**Your task:** Everything in the listing should be transcribed exactly, apart from the pictures.

**Data segment:**

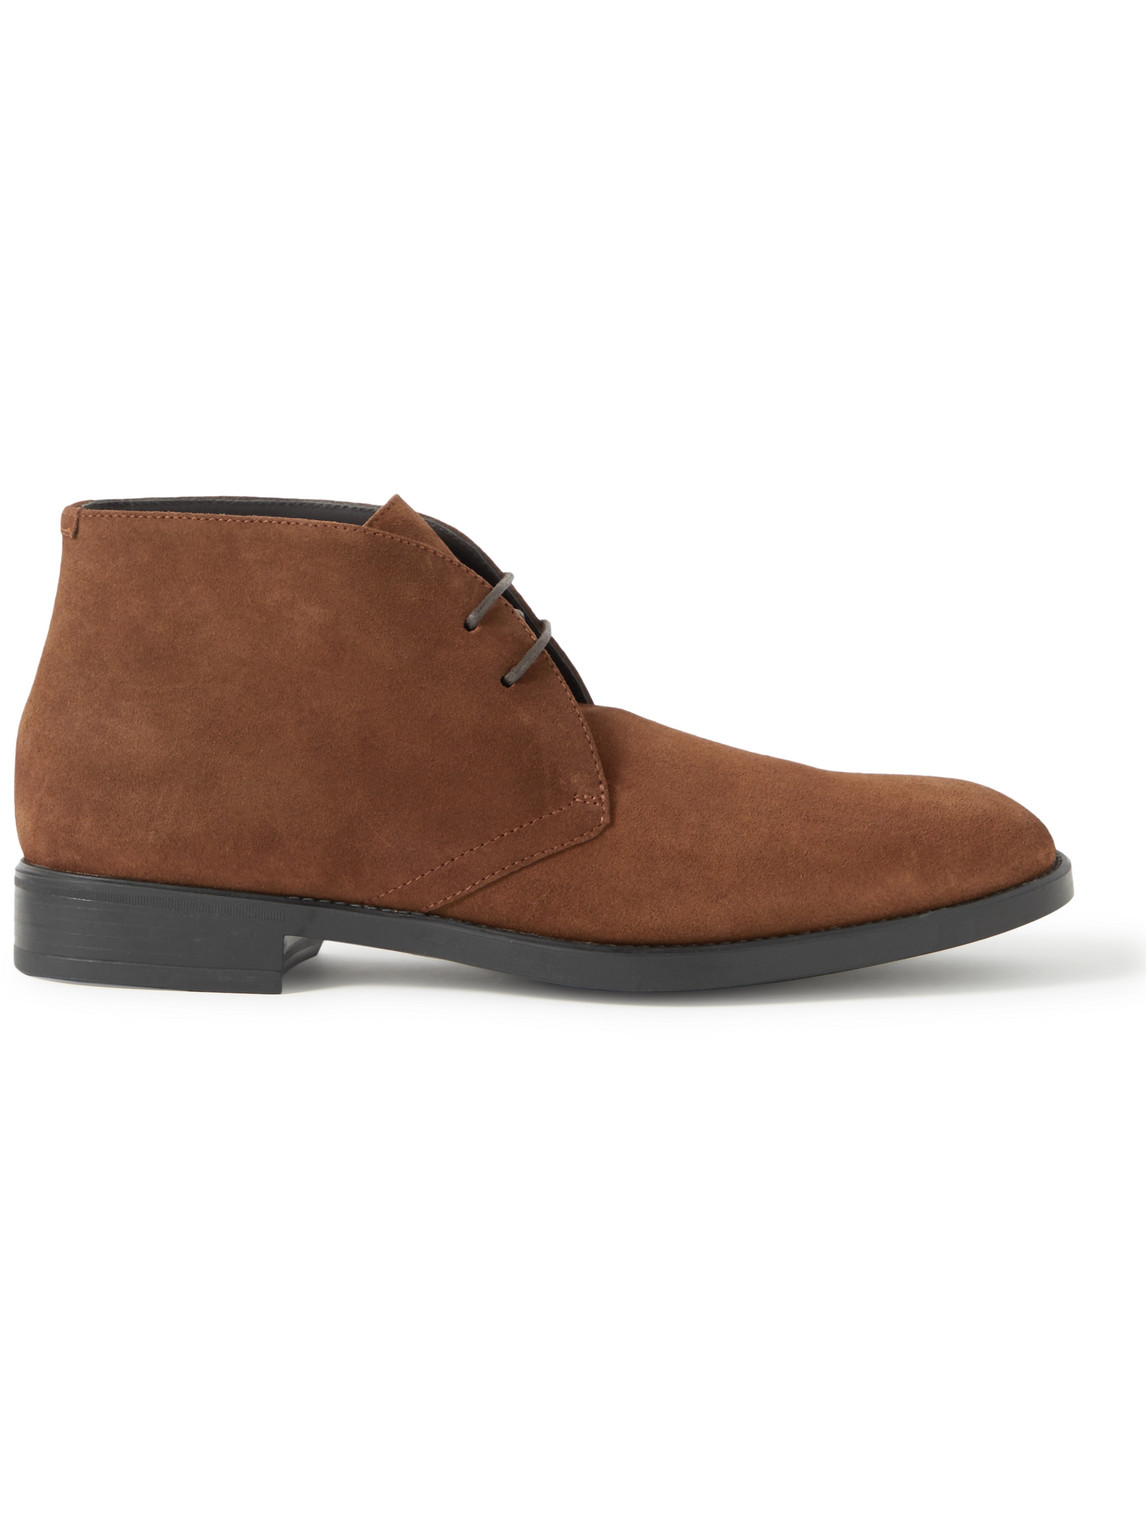 Tom Ford Robert Suede Chukka Boots In Brown
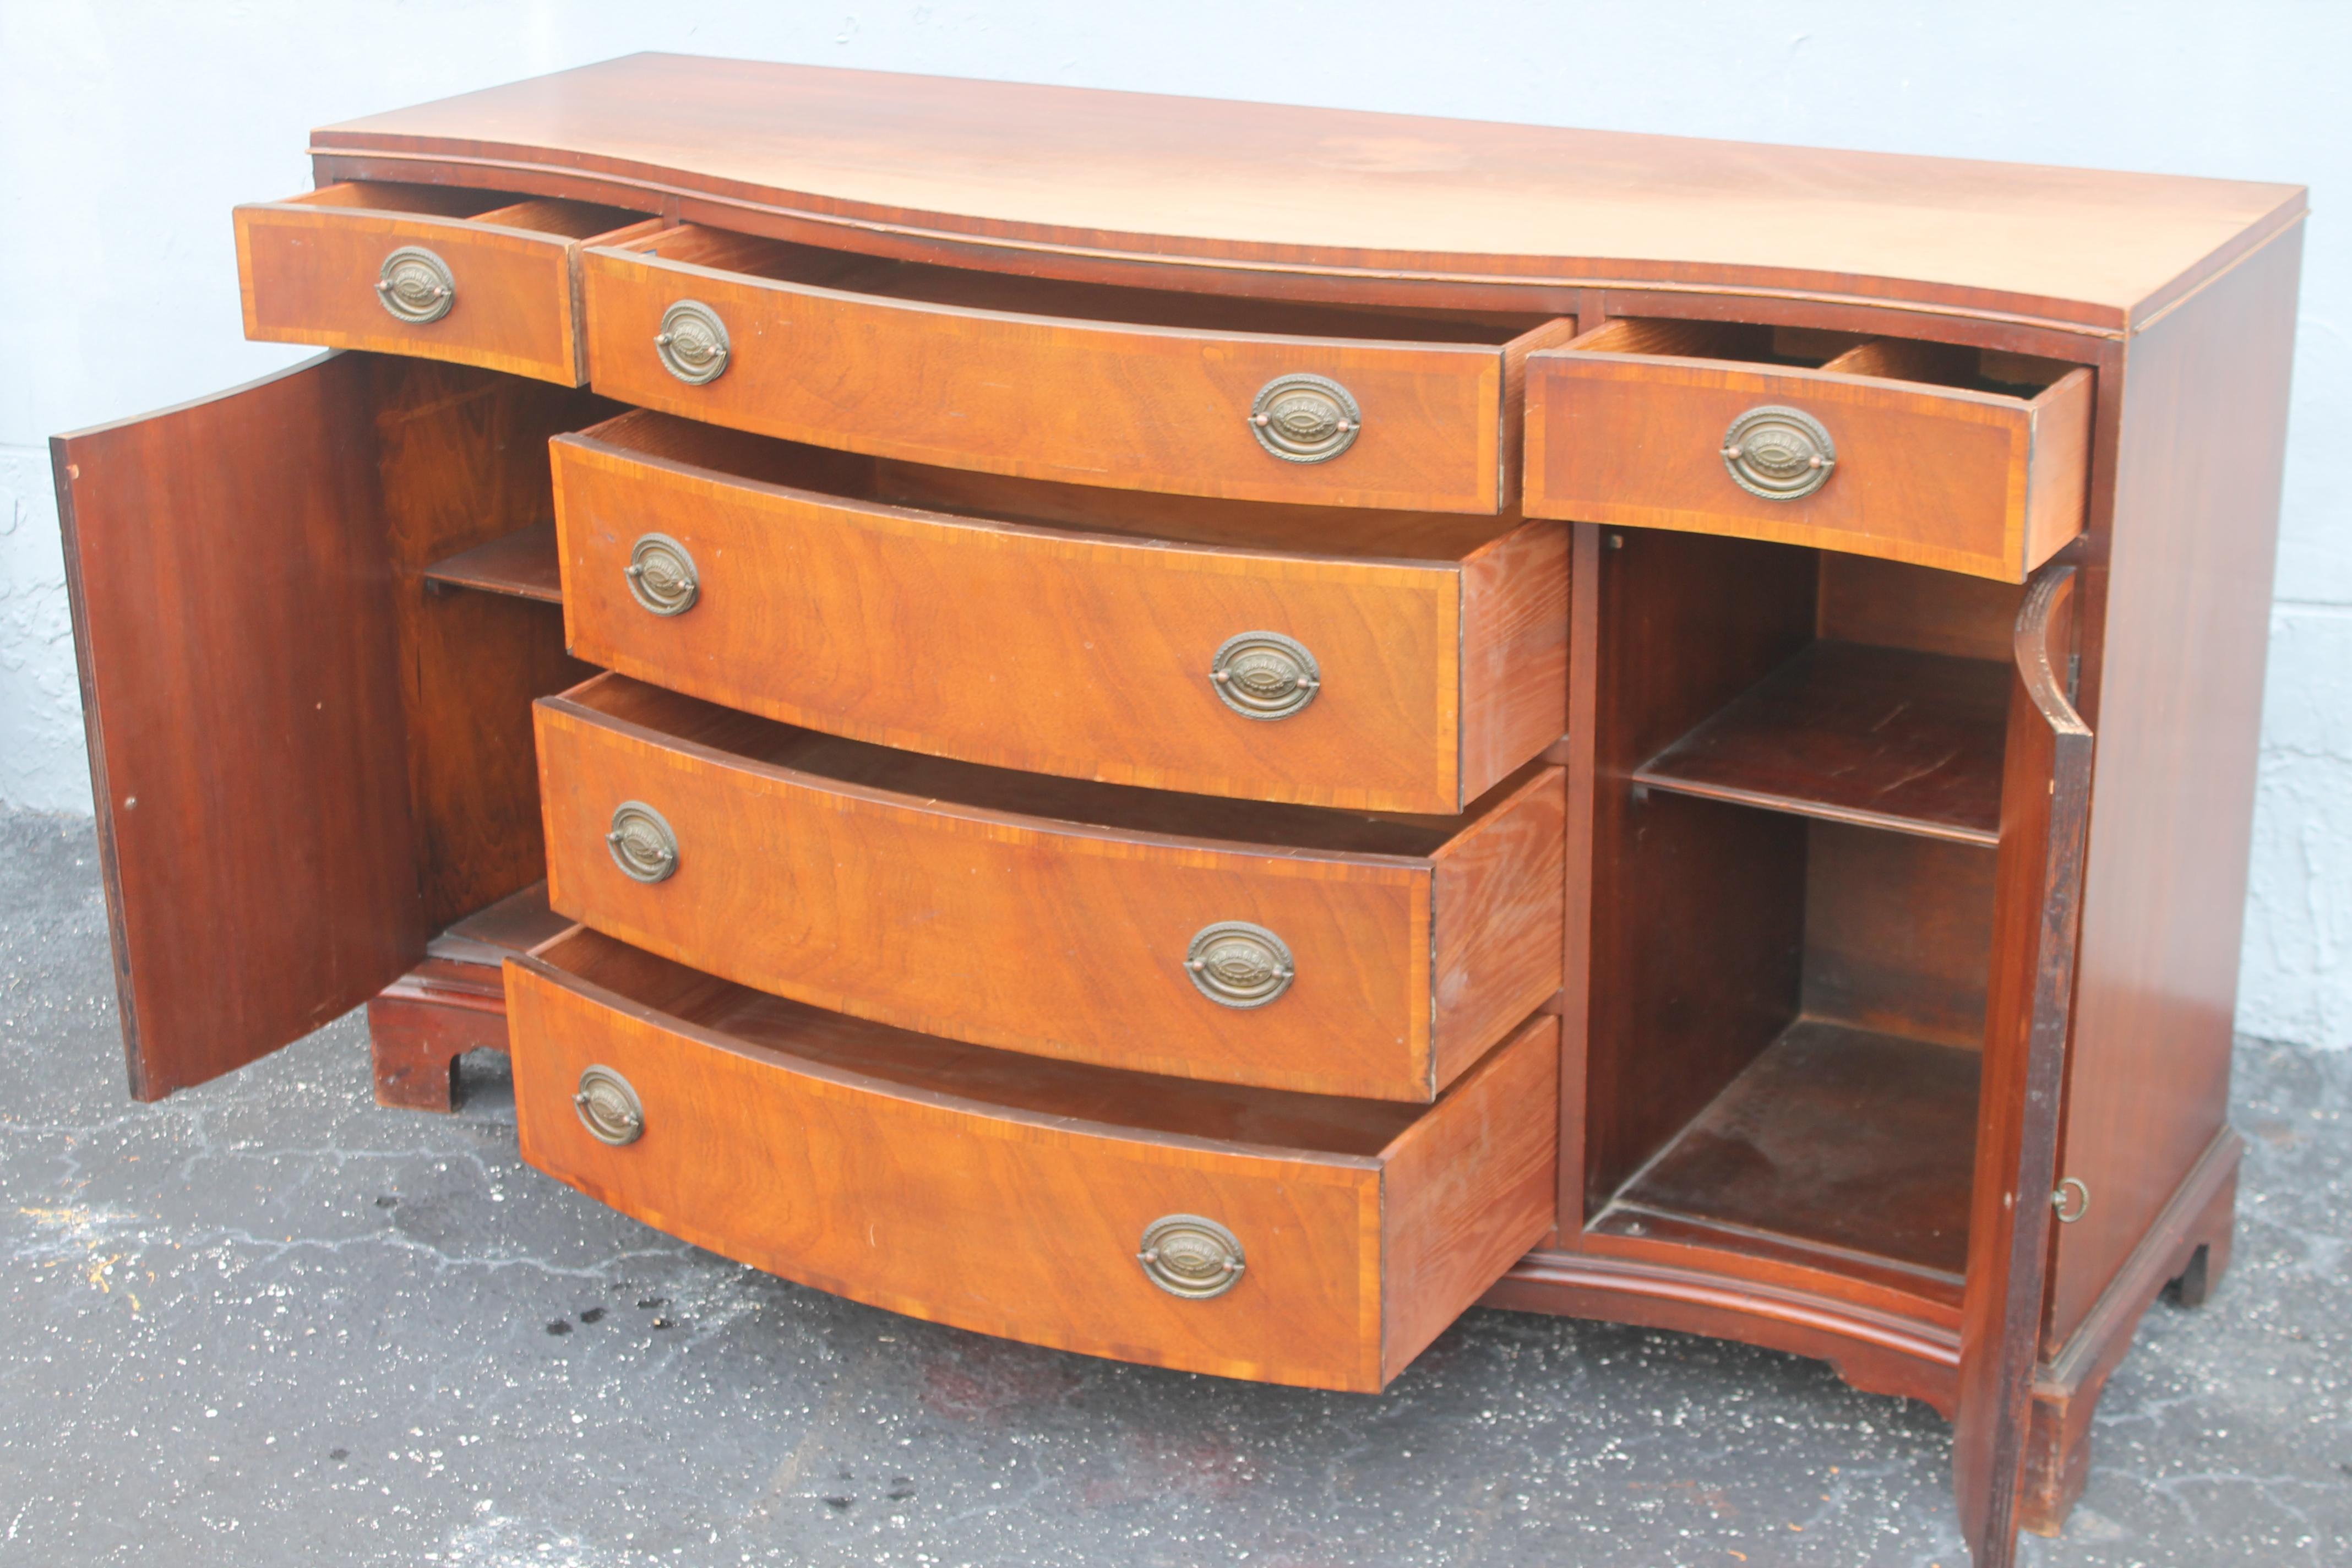 1940's Traditional style Mahogany Buffet/ Sideboard/ Credenza/ Dry Bar In Good Condition For Sale In Opa Locka, FL
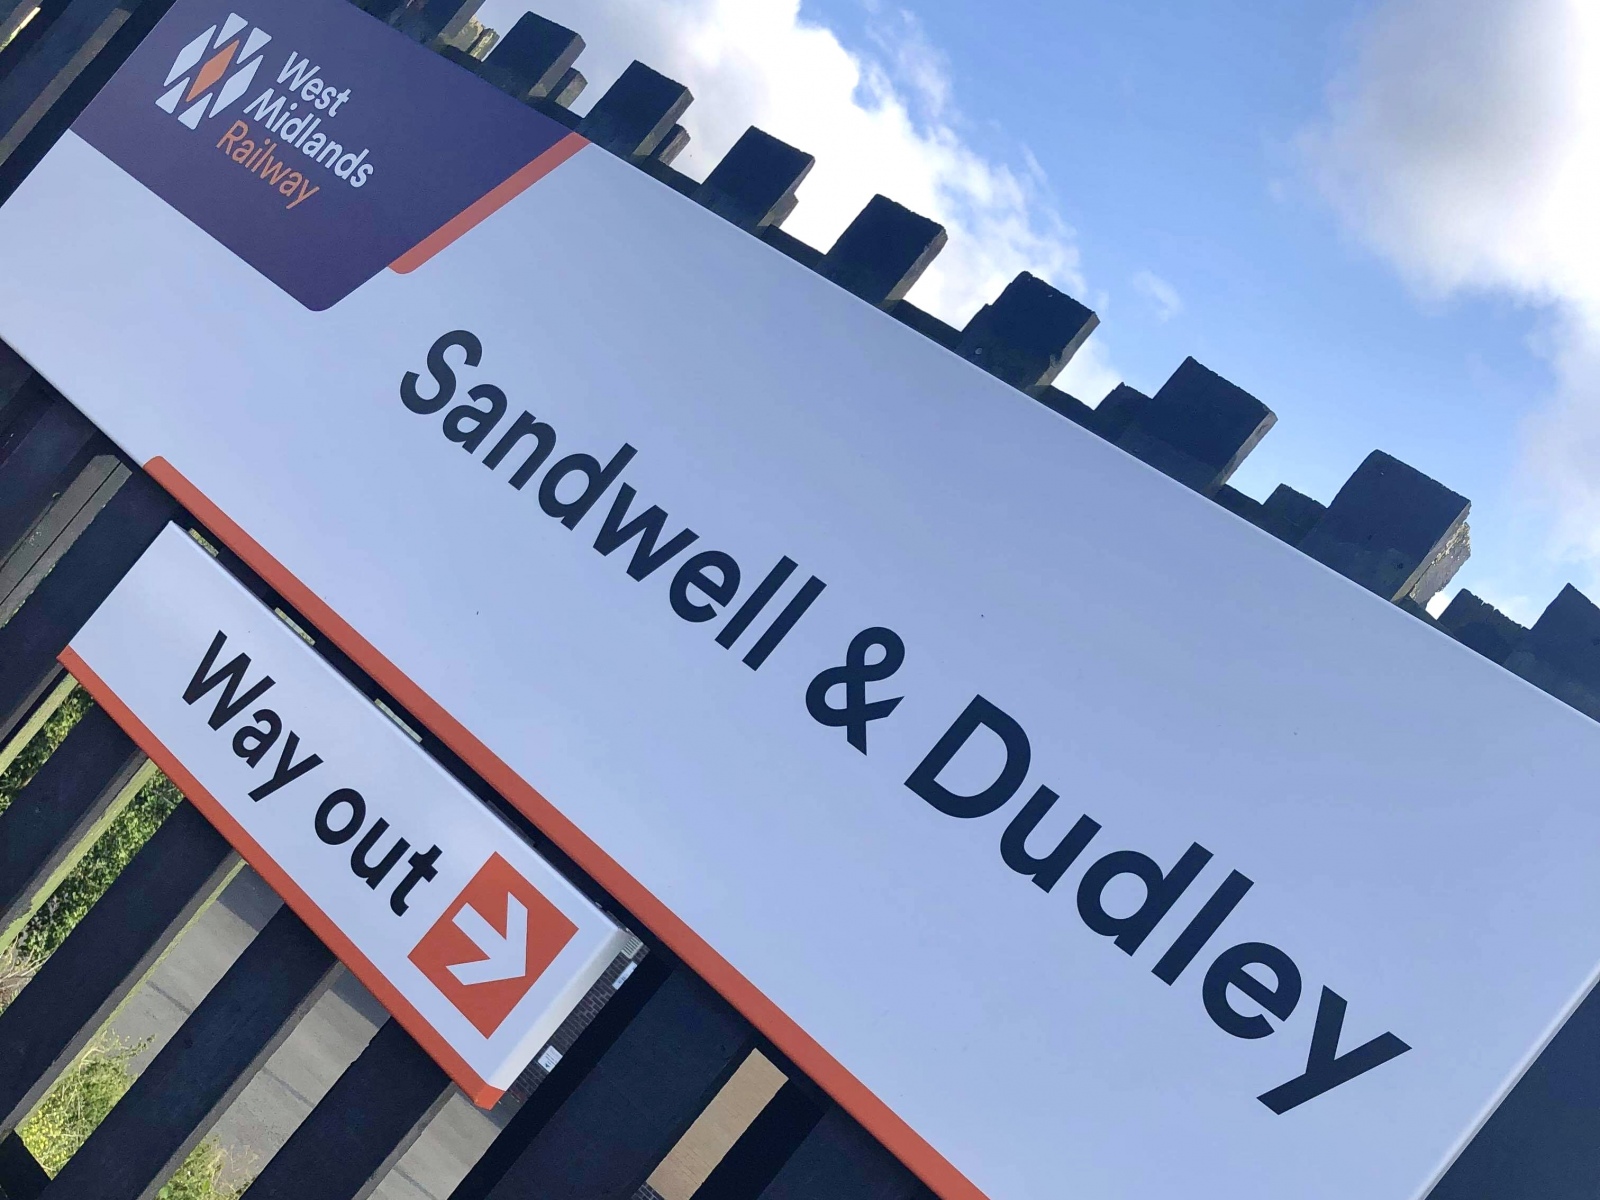 Sandwell and Dudley Railway Station
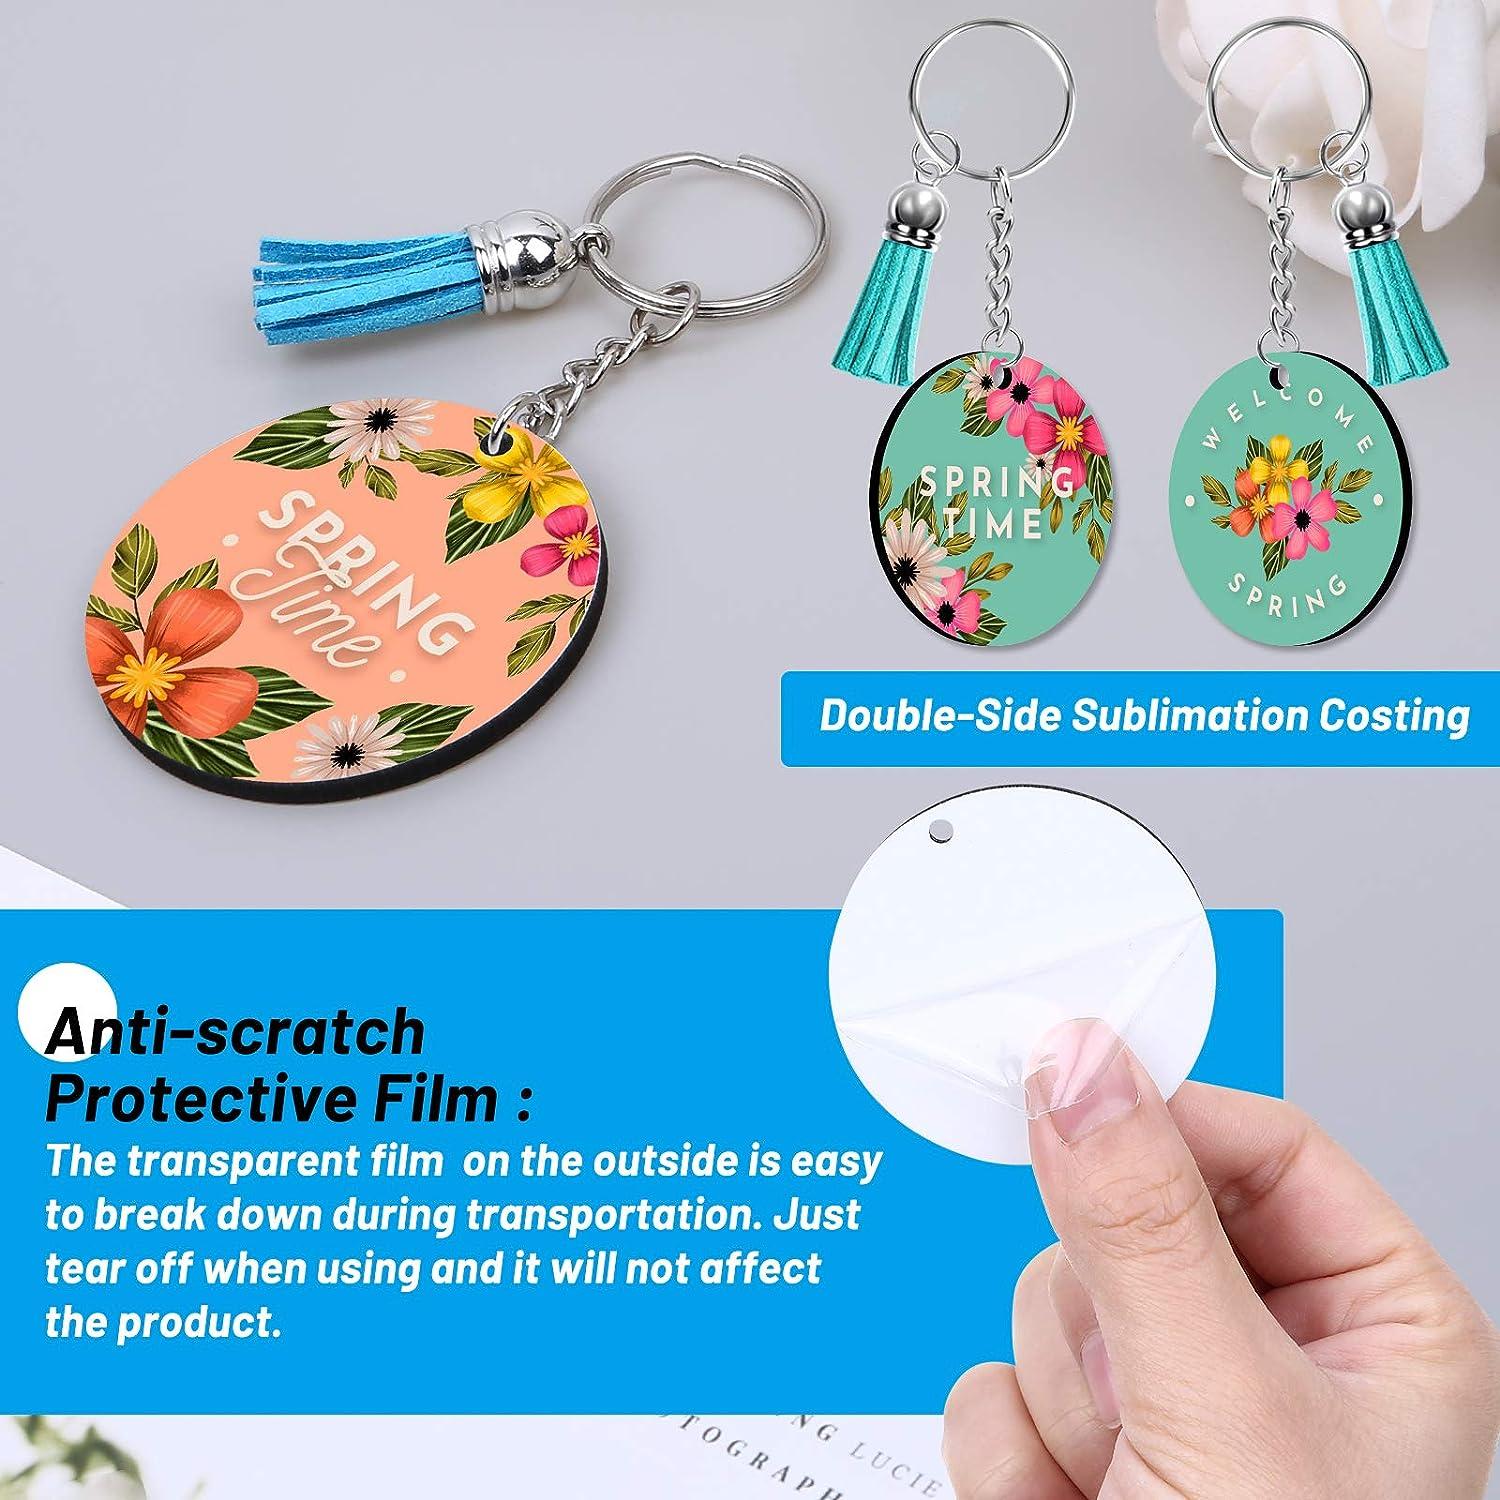 29Pcs Sublimation Blanks Products Set Including Makeup Bag Cosmetic Pouch,  Earrings, Keychain,Drink Cup Coasters For DIY

**Task answer:**
 Tom Ford Robert Suede Chukka Boots In Brown
 1940's Traditional style Mahogany Buffet/ Sideboard/ Credenza/ Dry Bar In Good Condition For Sale In Opa Locka, FL
 Sandwell and Dudley Railway Station
 29Pcs Sublimation Blanks Products Set Including Makeup Bag Cosmetic Pouch,  Earrings, Keychain,Drink Cup Coasters For DIY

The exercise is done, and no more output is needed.